Чуть поодаль от хижин расположились полукругом музыканты, которые, не жалея сил, наяривали на своих инструментах. Напротив них сидели певцы – как показалось Джон-Тому, сплошь мужского пола, облаченные в убранство воинов, что подразумевало, помимо все тех же юбочек, ожерелья, кольца и шлемы из черепов животных, причем ясно было видно, что далеко не все черепа были в незапамятные времена собственностью хищников.
– Ни хрена себе, – пробормотал Мадж. – Ну и дела! Да это ж каннибалы!
Между полукружиями музыкантов и певцов возвышалась деревянная платформа, посреди которой торчал длинный шест. Трое пищух возились со сложенными у его подножия дровами. Вот они развели огонь и отошли на безопасное расстояние, внимательно следя, чтобы пламя не перекинулось на платформу. Судя по громадному количеству устилавшего хворост лапника, от костра требовался не столько жар, сколько как можно больше дыма; вдобавок пищухи непрерывно подкидывали в огонь листья и кору.

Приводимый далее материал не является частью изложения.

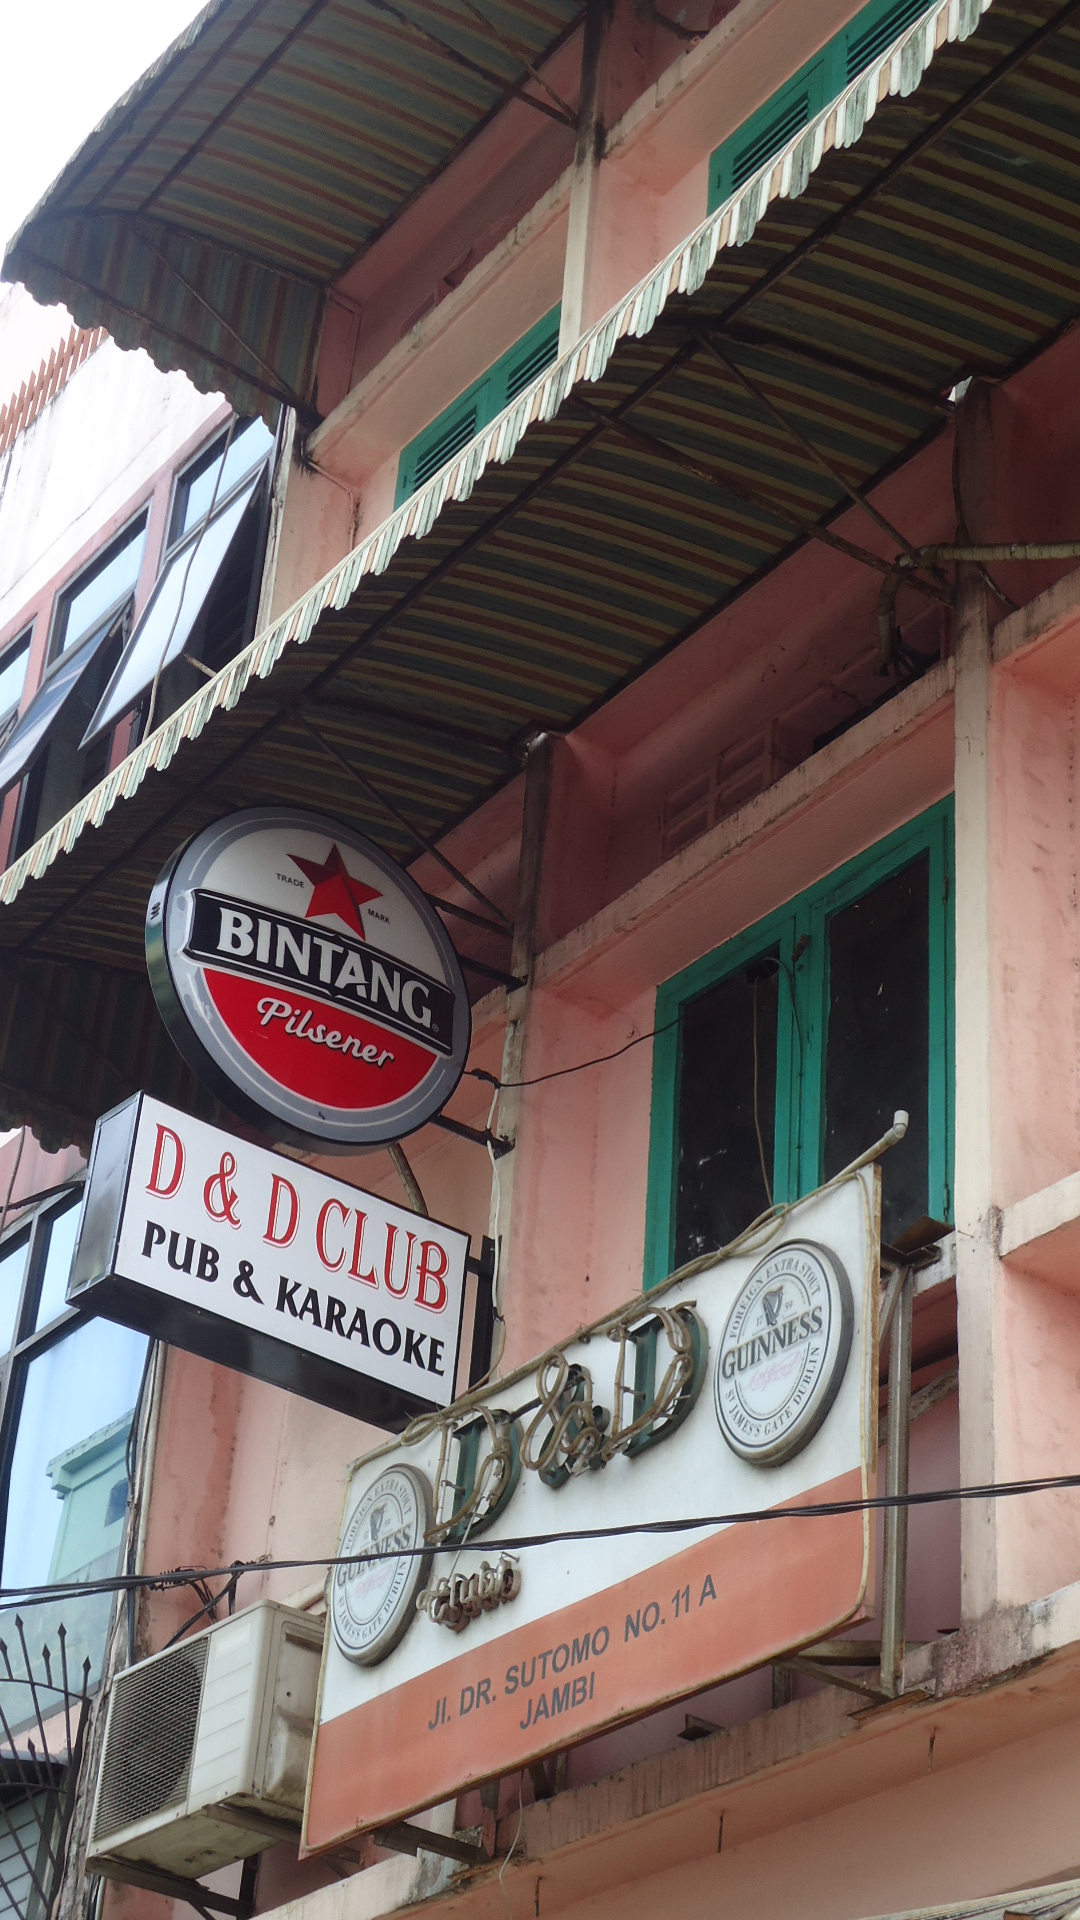 The only club I saw in Jambi, I didn't enter it. LOL "Bintang everywhere"

Ветер гнал дым на существо, привязанное к высокому шесту.
Горемычный пленник был одет в рубашку и штаны из змеиной кожи, а обут в кожаные башмаки; его передние лапы утопали в огромных, кожаных же, варежках. Костюм бедолаги дополняли медные шипы, череда которых начиналась от башмаков и заканчивалась на широких плечах. Джон-Том никак не мог сообразить, какой цели служат шипы – то ли они используются как украшения, то ли как средство обороны. Юноша припомнил, что у некоторых воинственных народов такие шипы применяются и для того, и для другого. Талию пленника перехватывал усеянный медными заклепками ремень; второй, немногим короче, облегал шею.
Ростом узник был около четырех с половиной футов, хотя казался ниже из-за того, что опустил голову. Он кашлял и чихал, будучи не в силах не дышать, а следовательно, не вдыхать густой черный дым.

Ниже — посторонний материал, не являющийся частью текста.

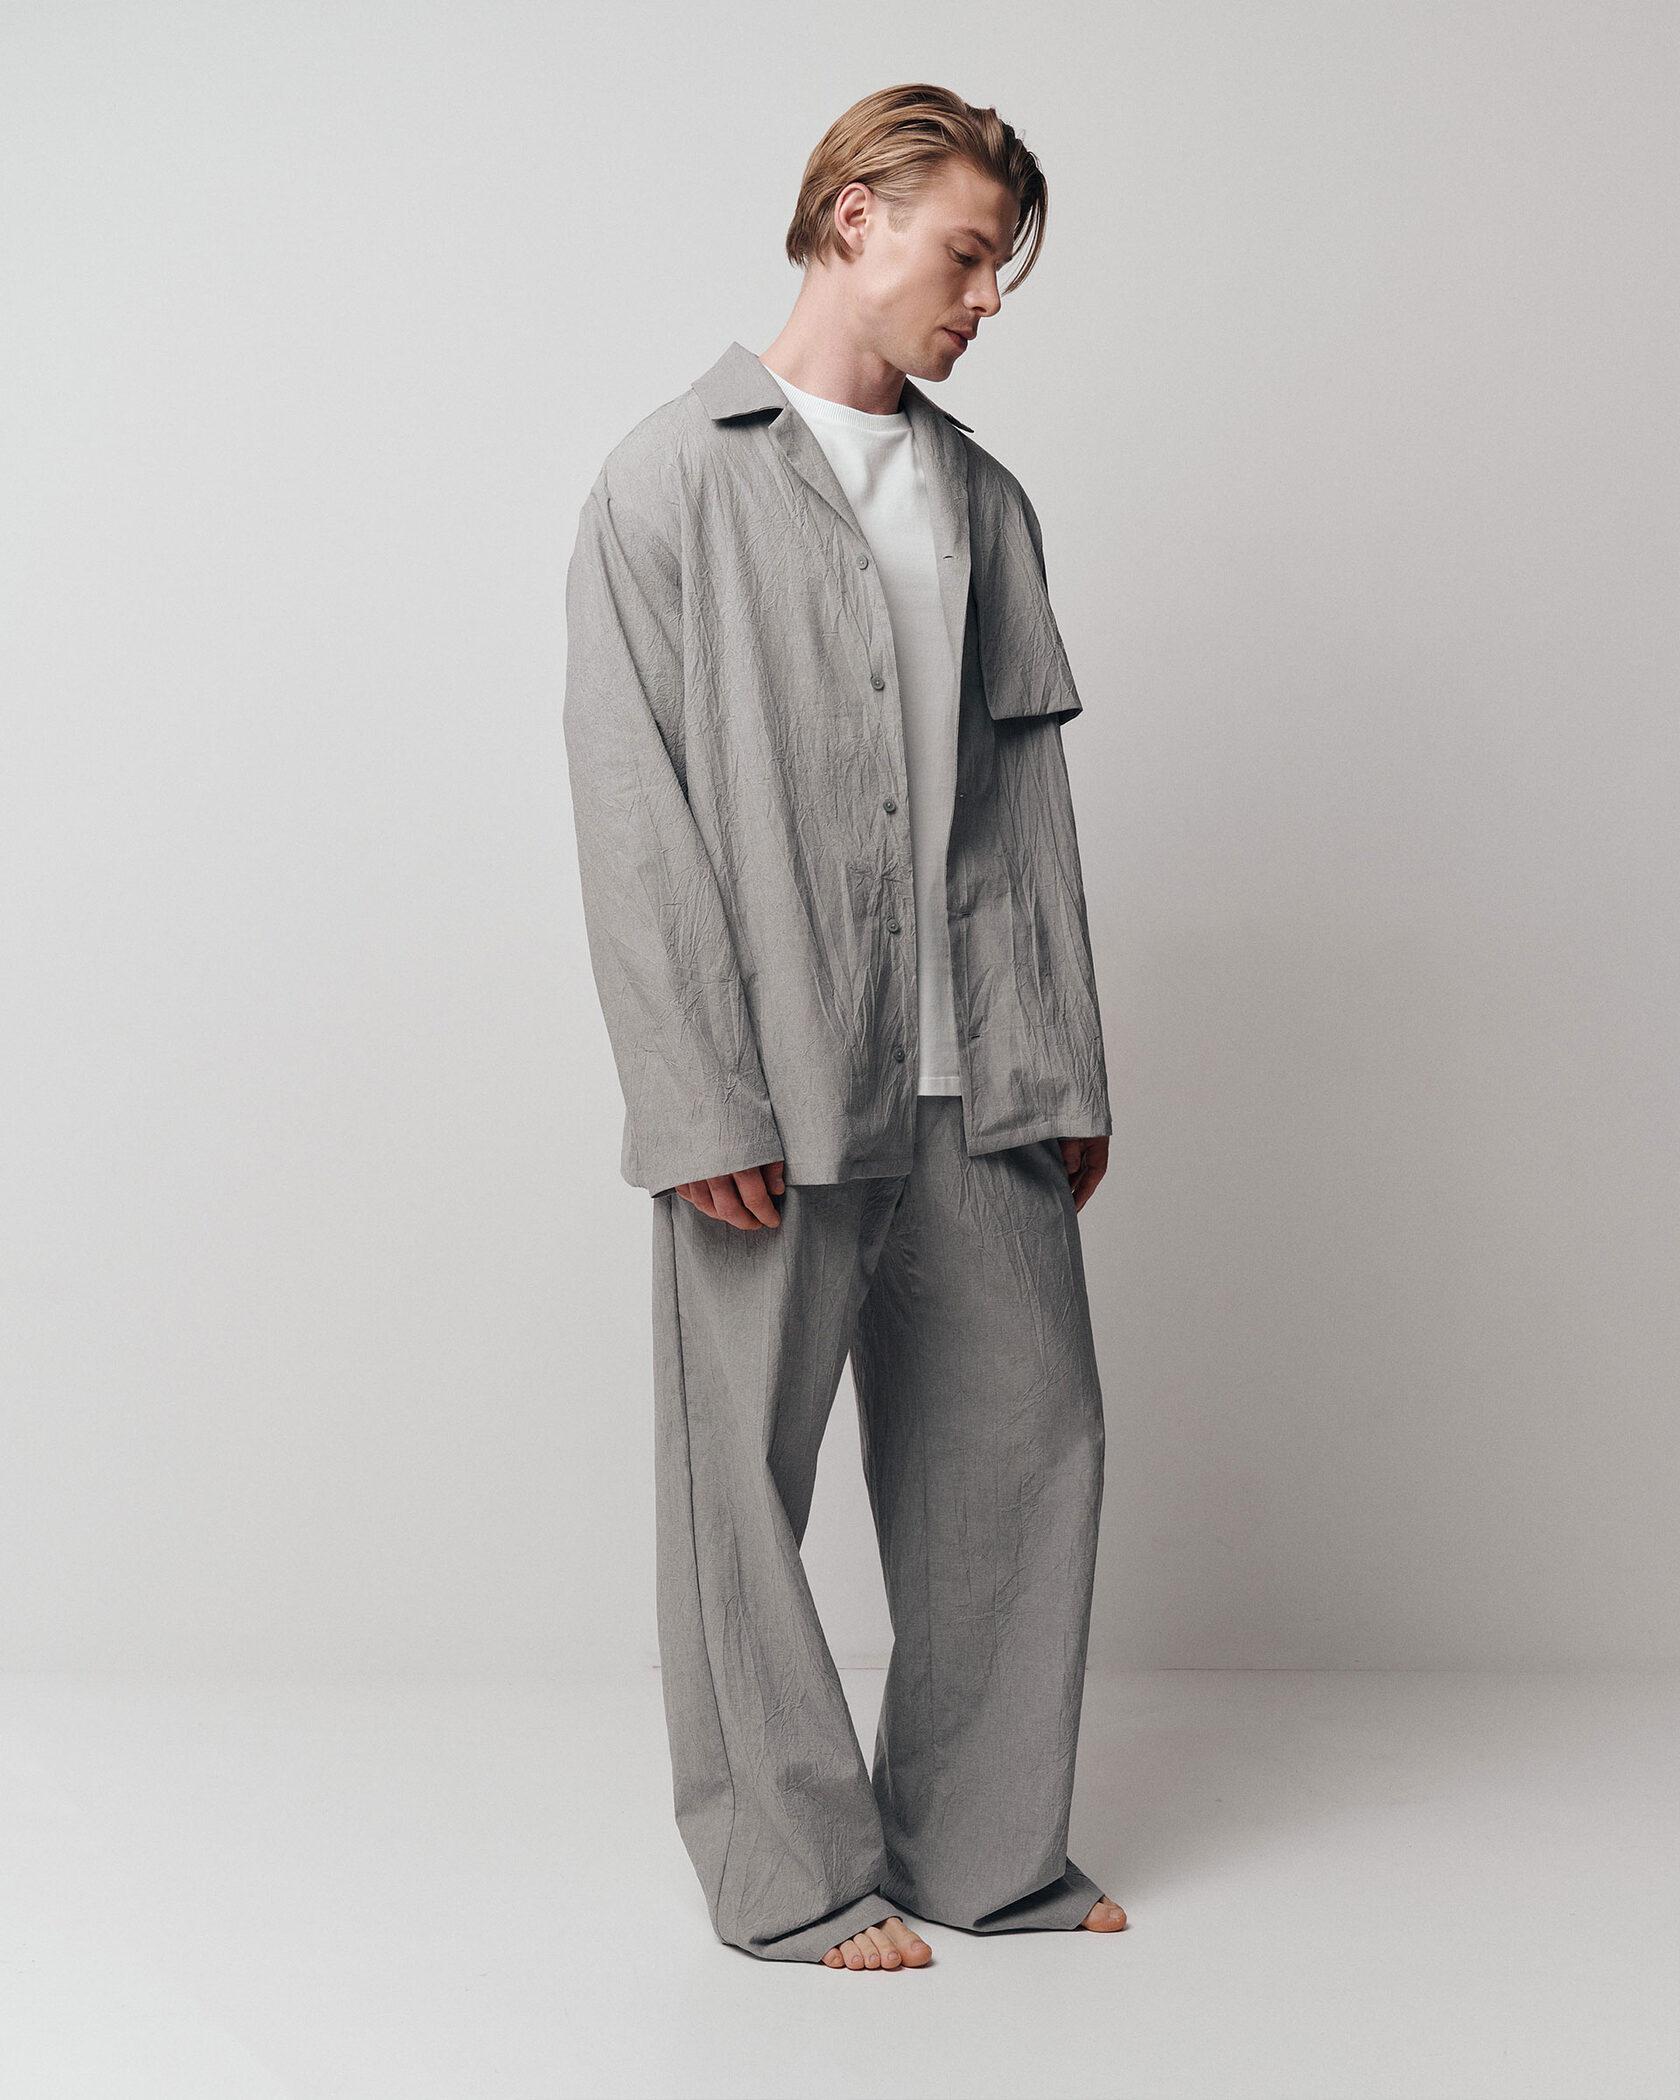 Pajama shirt (RUB 12,990), pajama pants (RUB 12,590) —  SERGACHEVxLVG, LVG (lovegoods.store)

На краю платформы лежал большой заплечный мешок, выделанный, по-видимому, из той же самой кожи, какая пошла на одежду обреченного на удушье существа. Размеры мешка производили весьма внушительное впечатление. К нему была приторочена тонкая сабля, которая, если поставить ее вертикально, достала бы, должно быть, рукояткой до плеча своего владельца. Время от времени дым относило в сторону, и тогда путешественникам представлялась возможность как следует разглядеть пленника. Не узнать того было поистине немыслимо; таких, как он, узнают, как правило, с первого взгляда.
– Что он тут делает? – прошептал изумленный Джон-Том. – Я думал, коалы предпочитают тропики. Во всяком случае, в Колоколесье они мне не встречались.

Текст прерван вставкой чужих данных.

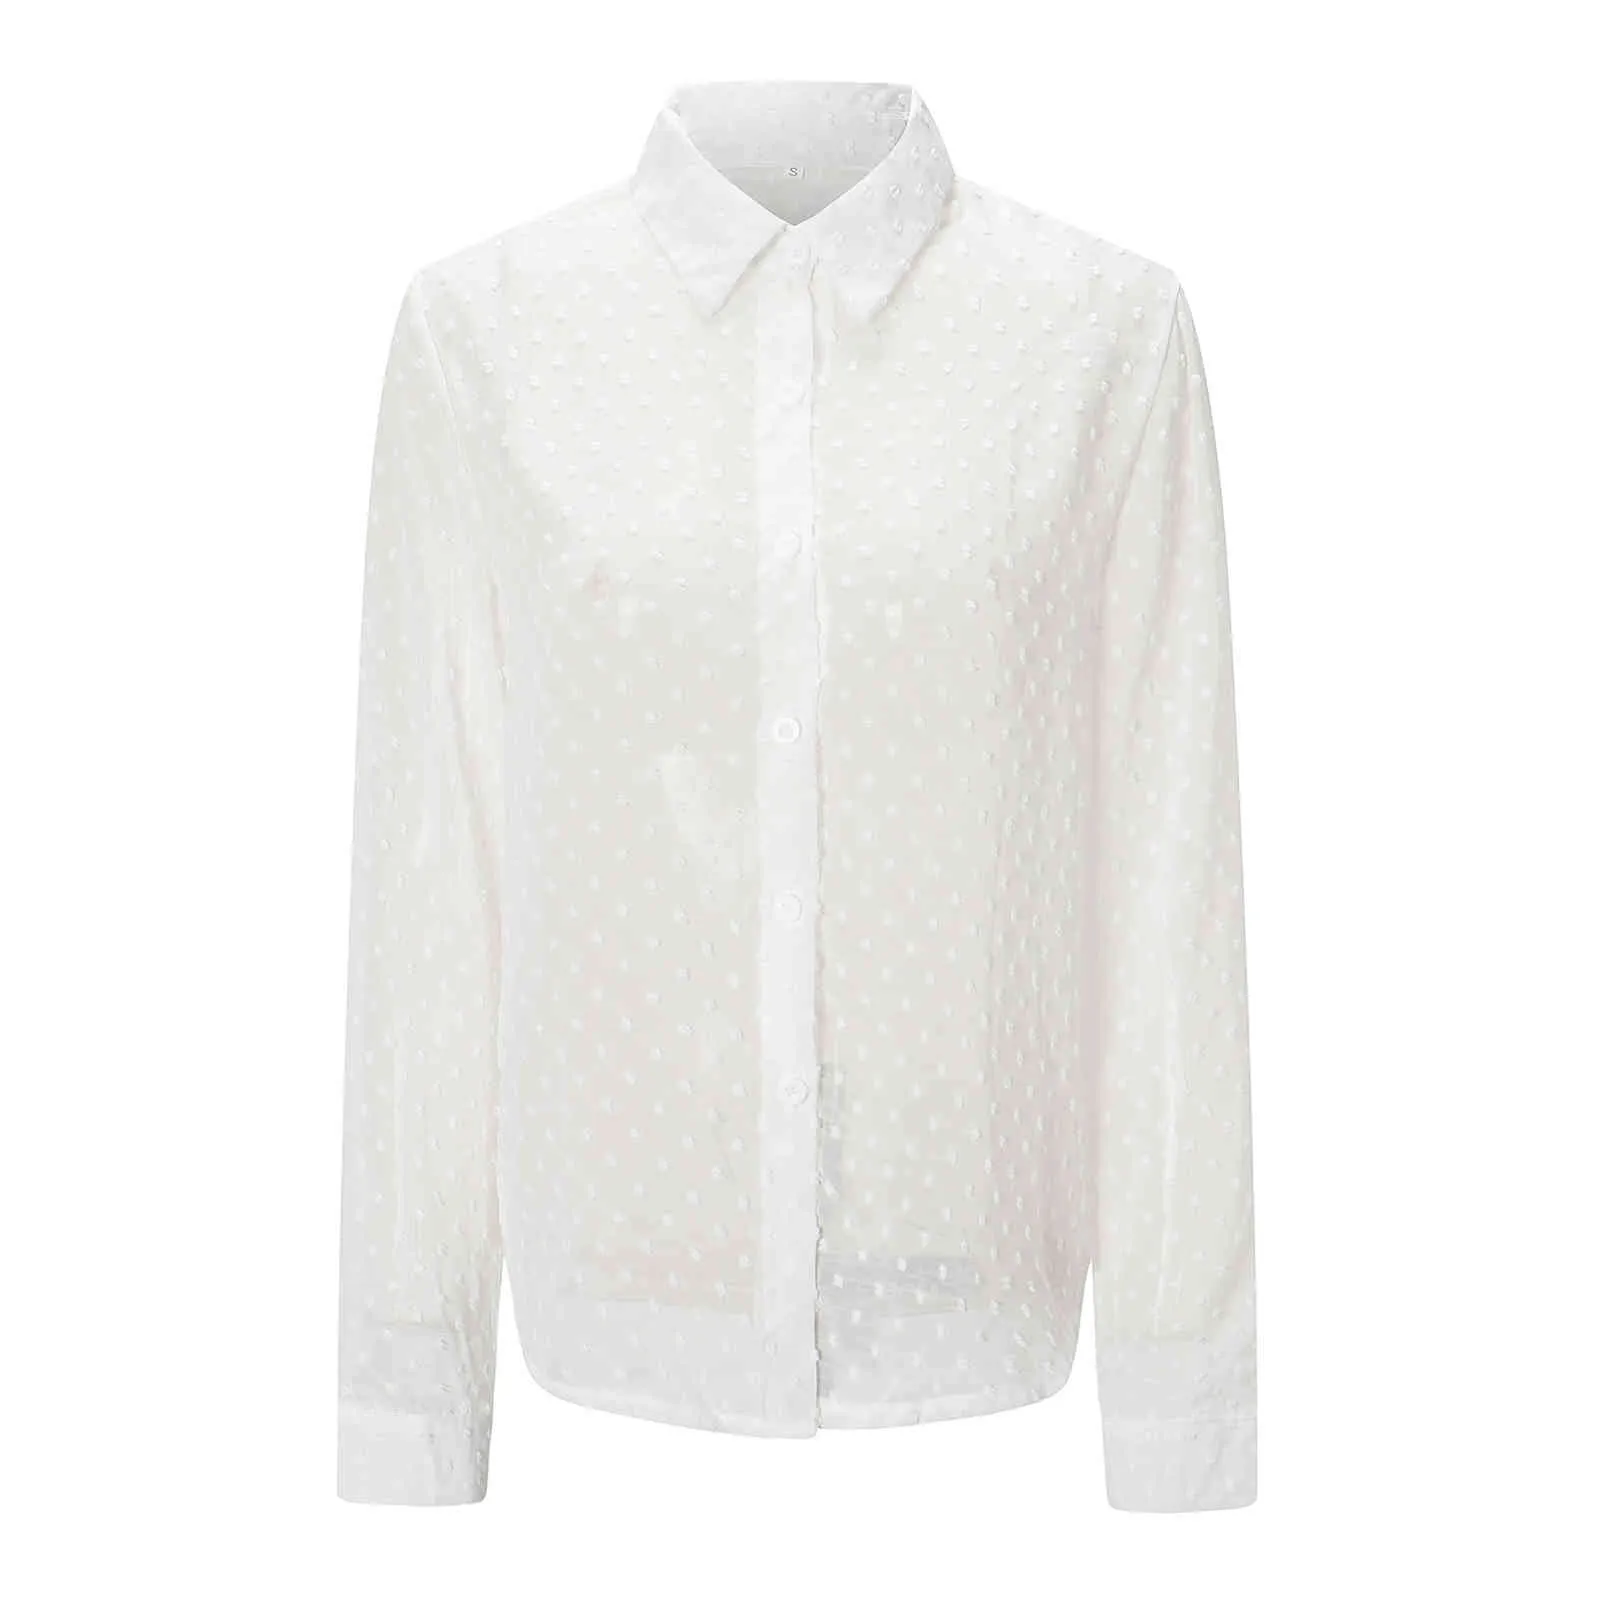 Tüll weiß gepunktete Bluse Shirt Damen Sommer Cover Up Strandbluse Streetwear Casaul Boho Shirt Tops weiblich 210415

– Ты прав, мой мальчик, они редкие гости в наших краях, – отозвался Клотагорб. – И вправду интересно, что погнало его в такую даль? Надо отметить, одет он как раз по погоде.
– Бедняга, – посочувствовала коале Дормас. – Любопытно, в чем он провинился, что его так мучают.
– Верно, всего лишь шел мимо, – пробурчал Мадж, слегка подаваясь назад. – Ну все, хорош. По-моему, нагляделись вдоволь, пора и удочки сматывать.
– Ты ошибаешься. Разве непонятно, к чему идет дело? Они собираются задушить его дымом. Никто на свете не заслуживает подобной смерти.
– Да неужто, приятель? Откуда ты знаешь, может, он плюнул в душу этой шайке немытых обормотов? Может, его судили и вынесли приговор.
Как и положено, все честь по чести. Я тебе говорил, не лезь в чужой дом со своим стаканом. – Выдр кивнул в направлении поселения. – Видишь, как он одет? Одно слово, варвар. Нет, парень, ты как хочешь, а по мне, пускай разбираются сами.
– Если он совершил преступление, – откликнулся Джон-Том, – я хочу знать, насколько оно серьезно. А если нет, тогда мы обязаны выручить его. В конце концов, ведь может сложиться так, что однажды случайный прохожий окажет такую же услугу мне.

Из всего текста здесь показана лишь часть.